Probleem 4: onduidelijke opbouw Een maand van te voren hangt de hele school al vol posters: het schoolfeest komt eraan. De leerlingen van de vierde klas van het Pascal College willen het soms iets wat saaie schoolfeest toch nog leuk maken voor zichzelf. De oplossing om een saai feestje leuk te maken, is voordrinken. In groepen gaan de jongeren bij elkaar thuis zitten en gooien zonder enige schaamte allerlei alcoholische versnaperingen achterover. Op het schoolfeest lopen de jongeren half dronken rond, wat de leraren vaak niet doorhebben. Er kan van alles gebeuren. Drinken voor schoolfeesten brengt veel risico’s met zich mee. Zowel in alinea 1 als 2 wordt de aandacht getrokken en het onderwerp geintroduceerd, waardoor het onduidelijk is waar dit artikel over gaat.
Een maand van te voren hangt het Pascal College al vol posters: het schoolfeest komt eraan. De vierdeklassers verheugen zich erop, maar de schoolfeesten zijn vaak ook saai. De oplossing om een saai feestje leuk te maken, is voordrinken. In groepen gaan de jongeren bij elkaar thuis zitten en gooien zonder enige schaamte allerlei alcoholische versnaperingen achterover. Op het schoolfeest lopen de jongeren half dronken rond, wat de leraren vaak niet doorhebben. Er kan van alles gebeuren. Drinken voor schoolfeesten brengt veel risico’s met zich mee. Daar moet iets aan gedaan worden en daarom moeten de schoolfeesten leuker worden. Daar zijn drie simpele oplossingen voor.
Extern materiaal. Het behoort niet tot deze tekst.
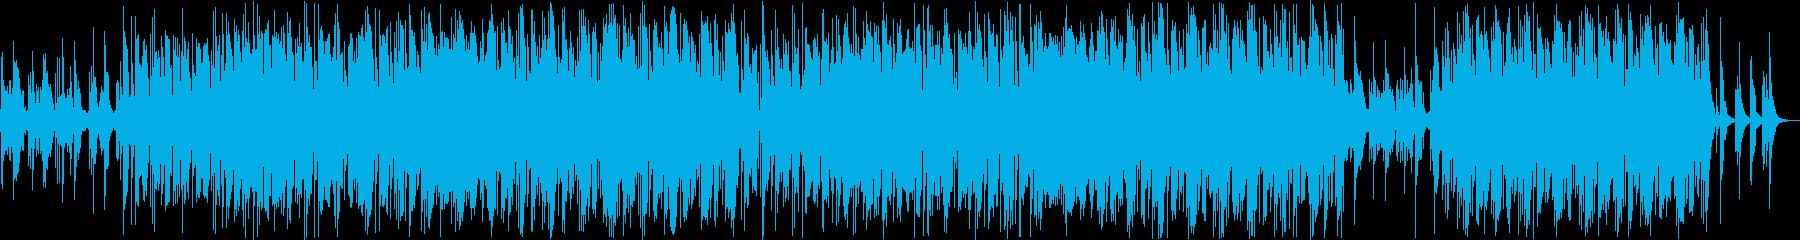 洋楽 フューチャポップ ED 切ない の再生済みの波形

Opdracht Leesdossier inleveren? Uiterlijk a.s. vrijdag. Opdracht 5 – bouwplan – inleveren. De leerlingen die opdracht 4 terug krijgen, mogen de taal-, zinsbouw-, spel- en interpunctiefouten (aangegeven met markeerstift en pen, toen de markeerstiften op waren) verbeteren. Iedereen begint aan opdracht 9: het schrijven van een slot. (Geen huiswerk, morgen verder.)
Opdracht 9 Schrijf een slot Een slot bestaat uit één alinea: Hoofdgedachte = conclusie of antwoord probleemstelling. Samenvatting (vooral belangrijk bij beschouwing). Afweging. Toekomstverwachting. Aansporing (vooral belangrijk bij activerende tekst). Uitsmijter.